Enquanto esta simulação tinha lugar em Almeirim, onde D. Leonor residia
com as suas filhas, em Castela começaram a correr rumores sobre o que não
ocorrera durante a primeira noite de casados do príncipe Enrique e da sua
primeira esposa, Blanca de Navarra. Segundo uma importante crónica castelhana,
Blanca ficou tal qual nasceu, com o que
ficaram todos muito irritados. Outro cronista real contemporâneo da rainha
Joana narraria que os esposos dormiram na
mesma cama e a princesa ficou tão inteira como vinha. Para Alonso
de Palencia, futuro difamador da rainha Joana, os gozos de alegria dos festejos aconteceram mas sem o verdadeiro gozo
do matrimónio (...). Os cortesãos começaram imediatamente a fazer circular
rimas e quadras atrevidas zombando da cópula não consumada e atribuindo maior
capacidade para o coito aos homens com quem Enrique se misturava. Segundo
um médico do príncipe, o futuro marido de Joana sofrera, no início da
puberdade, um acidente que, para além de lhe causar a deformação do nariz, lhe
provocou a perda de força. De acordo
com um relatório mandado realizar quando Joana já estava casada com ele, este
mesmo médico declarou que, pouco depois de Enrique fazer os doze anos,
descobriu que carecia de verga potente e
viril, afirmando contudo que se curara posteriormente.

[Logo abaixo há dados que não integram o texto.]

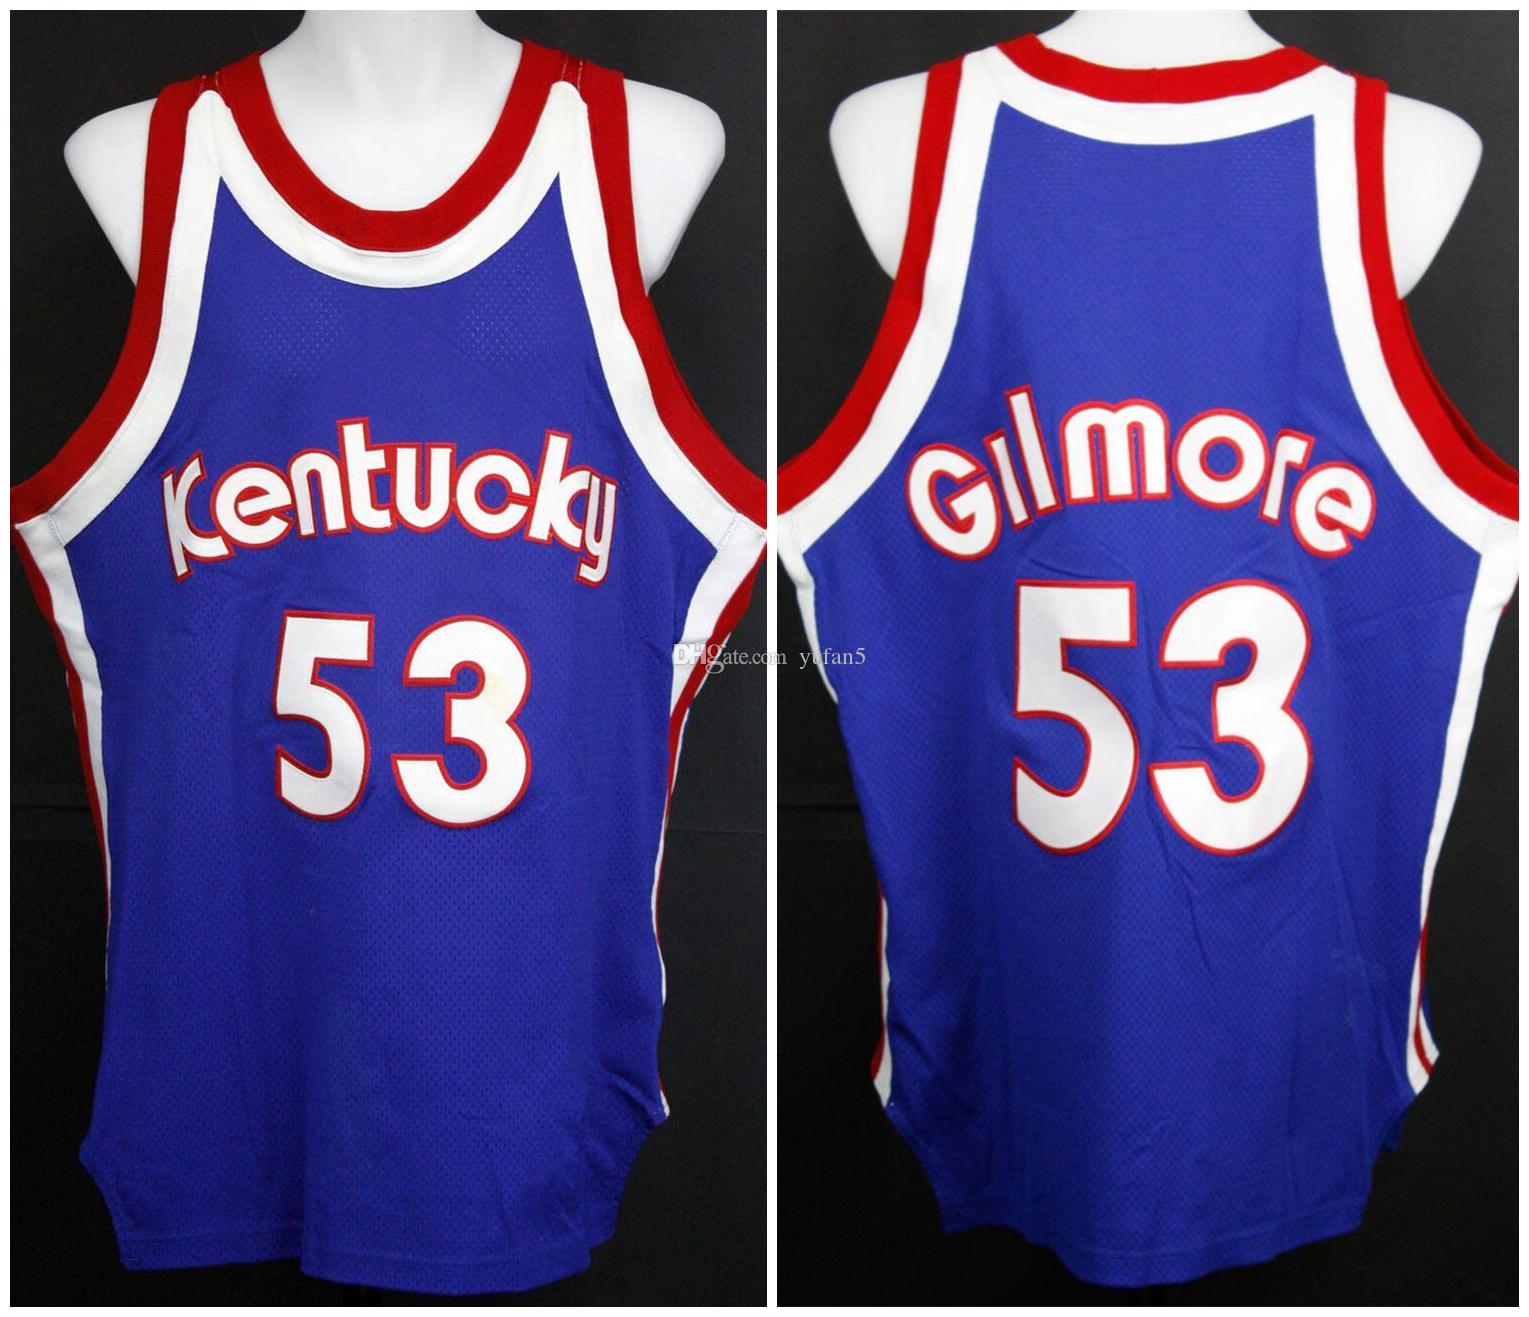 

Artis Gilmore #53 Colonels Kentucky RETRO JERSEY 1974-75 Retro Basketball Jersey Mens Stitched Custom Number Name Jerseys, As show

Alonso de Palencia, em plena
campanha difamatória contra Enrique IV e a sua segunda mulher, chegaria
inclusivamente a afirmar que alguns dos seus cortesãos tinham praticado sodomia
para o manter sob o seu controlo. O mais conhecido deles fora, segundo o
cronista palentino, um jovem nobre castelhano, descendente de portugueses
exilados em Castela. Segundo palavras textuais, o que entre eles tinha mais fama de potente era Juan Pacheco,
adolescente astuto que se prestava a qualquer serviço e que não respeitava nada
a não ser a sua própria ascensão no poder, ainda que tivesse de o conseguir à
custa de crimes impuros. Astuto, esperto e hábil, Álvaro tinha-o escolhido
desde criança para servidor de Enrique, acreditando erradamente que o jovem não
se desviaria um milímetro das suas instruções. Como bem conta Palencia,
Juan Pacheco fora anteriormente pajem de Álvaro de Luna, a cuja casa chegara
pelo seu parentesco com a segunda esposa do condestável, uma Pimentel
descendente de um importante nobre português, exilado em Castela em
consequência da batalha de Aljubarrota. Durante uma reestruturação do pessoal da
casa real, o valido colocara o jovem Pacheco perto do príncipe Enrique, mas
numa posição muito subalterna. A inteligência e a capacidade para exercer de
forma convincente a adulação tinham-lhe granjeado o favor do seu senhor, seis
anos mais novo que ele. Dois dias depois da boda de Enrique, Pacheco foi
nomeado alcaide da fortaleza de Logroño. Esta rápida ascensão favoreceria também
a carreira do seu irmão mais novo, Pedro Girón.
Referindo-se ao cariz sexual da influência de Pacheco sobre o futuro marido
de Joana, um historiador jesuíta do século XVI escreveu: Pode suspeitar-se que grande parte desta fábula foi forjada em
consideração dos reis Fernando e dona Isabel, os Reis Católicos. Mas não é por
isso menos certo que esta personagem exercesse sobre Enrique uma poderosa
influência, baseada na sua capacidade para conhecer as debilidades do carácter
do seu senhor e usá-las em seu próprio benefício; trata-se de um aspecto
fundamental para entender o desenvolvimento dos acontecimentos nos quais Joana
de Portugal se veria implicada em Castela». In A Rainha Adúltera, Joana de
Portugal e o Enigma da Excelente Senhora, Crónica de uma difamação anunciada,
Marsilio Cassotti, A Esfera dos Livros, Lisboa, 2012, ISBN 978-989-626-405-5.